**Record extracts:**

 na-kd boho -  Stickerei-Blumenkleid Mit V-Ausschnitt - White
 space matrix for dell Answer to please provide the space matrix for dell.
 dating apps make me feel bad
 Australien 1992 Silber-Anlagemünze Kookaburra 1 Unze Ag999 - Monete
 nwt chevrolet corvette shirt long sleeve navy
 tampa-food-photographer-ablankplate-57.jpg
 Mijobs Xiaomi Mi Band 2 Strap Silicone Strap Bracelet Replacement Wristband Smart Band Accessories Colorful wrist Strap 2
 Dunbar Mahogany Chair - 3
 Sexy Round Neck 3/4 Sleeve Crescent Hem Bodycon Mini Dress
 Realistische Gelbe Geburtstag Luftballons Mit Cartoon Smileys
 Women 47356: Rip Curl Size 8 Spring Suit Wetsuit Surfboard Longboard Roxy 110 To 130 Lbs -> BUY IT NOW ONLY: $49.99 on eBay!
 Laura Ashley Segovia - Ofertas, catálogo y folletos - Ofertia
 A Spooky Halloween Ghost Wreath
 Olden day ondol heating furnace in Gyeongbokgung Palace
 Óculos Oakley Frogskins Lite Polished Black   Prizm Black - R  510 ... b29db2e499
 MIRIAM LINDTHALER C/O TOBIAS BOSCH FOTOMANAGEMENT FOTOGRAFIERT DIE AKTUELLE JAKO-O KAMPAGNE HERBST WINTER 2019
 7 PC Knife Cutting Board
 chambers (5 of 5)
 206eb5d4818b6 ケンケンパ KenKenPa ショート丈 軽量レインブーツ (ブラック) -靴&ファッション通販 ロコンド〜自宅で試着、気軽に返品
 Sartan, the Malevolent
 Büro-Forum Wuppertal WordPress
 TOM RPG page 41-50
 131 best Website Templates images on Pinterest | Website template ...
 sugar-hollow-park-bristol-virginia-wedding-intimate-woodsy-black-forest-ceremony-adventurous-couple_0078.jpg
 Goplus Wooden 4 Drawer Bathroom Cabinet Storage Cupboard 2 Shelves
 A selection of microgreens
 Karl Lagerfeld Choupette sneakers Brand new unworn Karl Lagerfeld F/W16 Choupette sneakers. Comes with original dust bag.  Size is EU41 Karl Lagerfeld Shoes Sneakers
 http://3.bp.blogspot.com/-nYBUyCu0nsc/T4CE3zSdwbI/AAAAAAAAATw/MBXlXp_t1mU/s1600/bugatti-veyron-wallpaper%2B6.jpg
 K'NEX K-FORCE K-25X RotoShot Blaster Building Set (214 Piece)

**Required work:** Retype the listing above without a single difference.

**Answer area:**
 na-kd boho -  Stickerei-Blumenkleid Mit V-Ausschnitt - White
 space matrix for dell Answer to please provide the space matrix for dell.
 dating apps make me feel bad
 Australien 1992 Silber-Anlagemünze Kookaburra 1 Unze Ag999 - Monete
 nwt chevrolet corvette shirt long sleeve navy
 tampa-food-photographer-ablankplate-57.jpg
 Mijobs Xiaomi Mi Band 2 Strap Silicone Strap Bracelet Replacement Wristband Smart Band Accessories Colorful wrist Strap 2
 Dunbar Mahogany Chair - 3
 Sexy Round Neck 3/4 Sleeve Crescent Hem Bodycon Mini Dress
 Realistische Gelbe Geburtstag Luftballons Mit Cartoon Smileys
 Women 47356: Rip Curl Size 8 Spring Suit Wetsuit Surfboard Longboard Roxy 110 To 130 Lbs -> BUY IT NOW ONLY: $49.99 on eBay!
 Laura Ashley Segovia - Ofertas, catálogo y folletos - Ofertia
 A Spooky Halloween Ghost Wreath
 Olden day ondol heating furnace in Gyeongbokgung Palace
 Óculos Oakley Frogskins Lite Polished Black   Prizm Black - R  510 ... b29db2e499
 MIRIAM LINDTHALER C/O TOBIAS BOSCH FOTOMANAGEMENT FOTOGRAFIERT DIE AKTUELLE JAKO-O KAMPAGNE HERBST WINTER 2019
 7 PC Knife Cutting Board
 chambers (5 of 5)
 206eb5d4818b6 ケンケンパ KenKenPa ショート丈 軽量レインブーツ (ブラック) -靴&ファッション通販 ロコンド〜自宅で試着、気軽に返品
 Sartan, the Malevolent
 Büro-Forum Wuppertal WordPress
 TOM RPG page 41-50
 131 best Website Templates images on Pinterest | Website template ...
 sugar-hollow-park-bristol-virginia-wedding-intimate-woodsy-black-forest-ceremony-adventurous-couple_0078.jpg
 Goplus Wooden 4 Drawer Bathroom Cabinet Storage Cupboard 2 Shelves
 A selection of microgreens
 Karl Lagerfeld Choupette sneakers Brand new unworn Karl Lagerfeld F/W16 Choupette sneakers. Comes with original dust bag.  Size is EU41 Karl Lagerfeld Shoes Sneakers
 http://3.bp.blogspot.com/-nYBUyCu0nsc/T4CE3zSdwbI/AAAAAAAAATw/MBXlXp_t1mU/s1600/bugatti-veyron-wallpaper%2B6.jpg
 K'NEX K-FORCE K-25X RotoShot Blaster Building Set (214 Piece)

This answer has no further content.